The United States, Ghana and Oil: Global and Local Perspectives

T. C. McCaskie

T. C. McCaskie (tm2{at}soas.ac.uk; tmccaskie{at}aol.com) is Professor of the History of Africa at the School of Oriental and African Studies, London University. He is the author of State and Society in Pre-colonial Asante (Cambridge University Press, Cambridge, 1995), Asante Identities: History and modernity in an African village 1850–1950 (Edinburgh University Press, Edinburgh, 2000), and many articles on Asante history. This article is one of a series in press or in preparation dealing with contemporary Ghana.

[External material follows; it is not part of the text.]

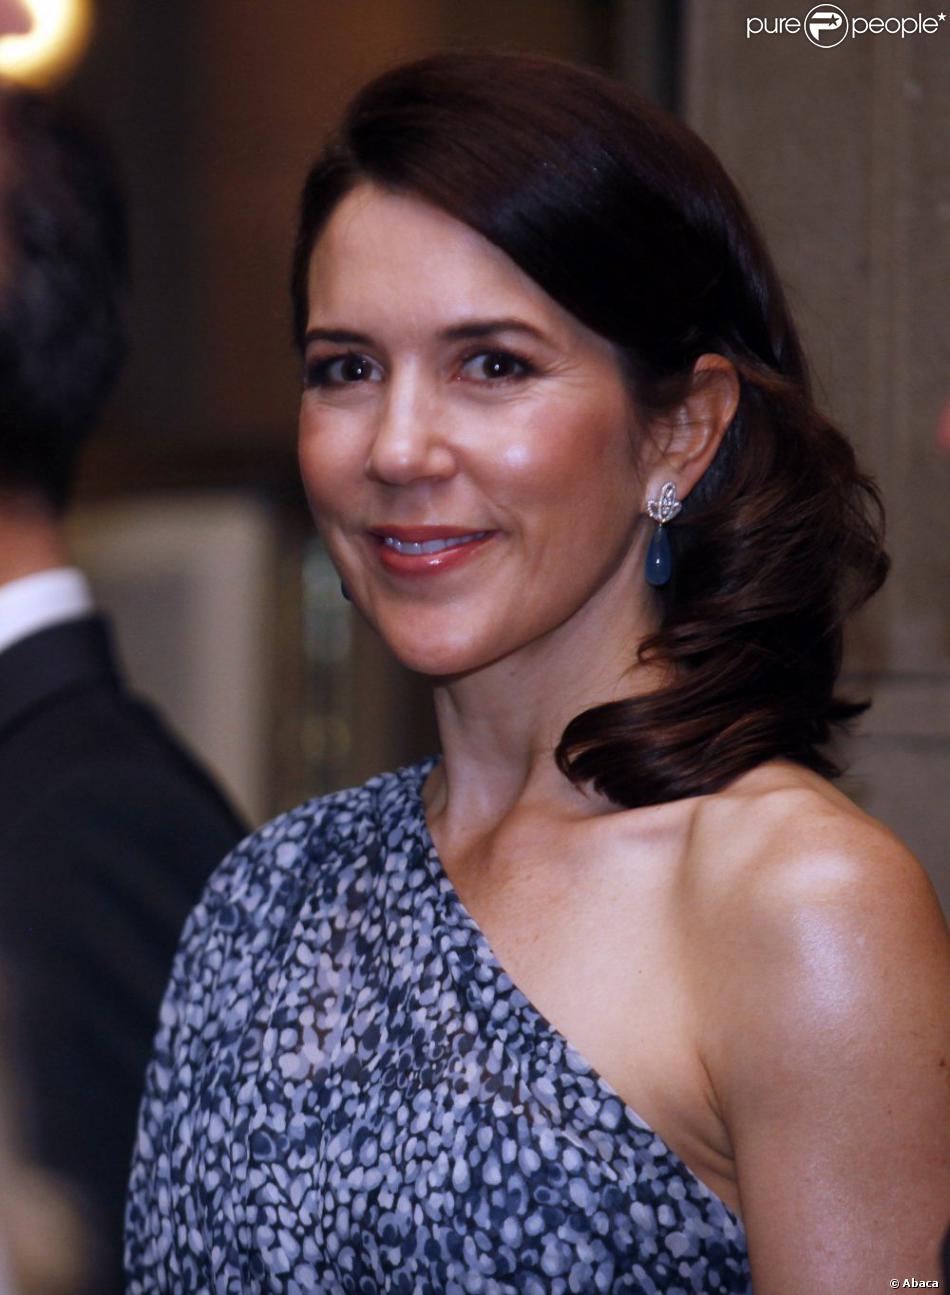 Le prince Frederik et la princesse Mary de Danemark ont participé à un dîner officiel organisé en leur honneur au Club de la Union à Santiago au Chili. Le 13 mars 2012.

The context of this article is United States military and energy security policies as regards the offshore oil potential of what Washington terms Africa's ‘New Gulf’, the Atlantic littoral from Morocco to Angola. The focus is the operation of deepwater oil exploration companies offshore of western Ghana, and their discovery in 2007 of potentially valuable oil deposits. This article considers local Ghanaian and wider global reactions. Ghana's government and opposition both claim credit for discovering oil, while each asserts it can best invest oil revenues to benefit Ghanaians. At the same time Ghanaians are aware of the equivocal status of oil wealth as national ‘blessing’ or ‘curse’, and they debate this in a framework of ideas of providence, prosperity and the occult derived from Pentecostalist Christianity. The oil find has also raised the stakes in Ghana–United States relations, and current developments in this area are outlined in the conclusion.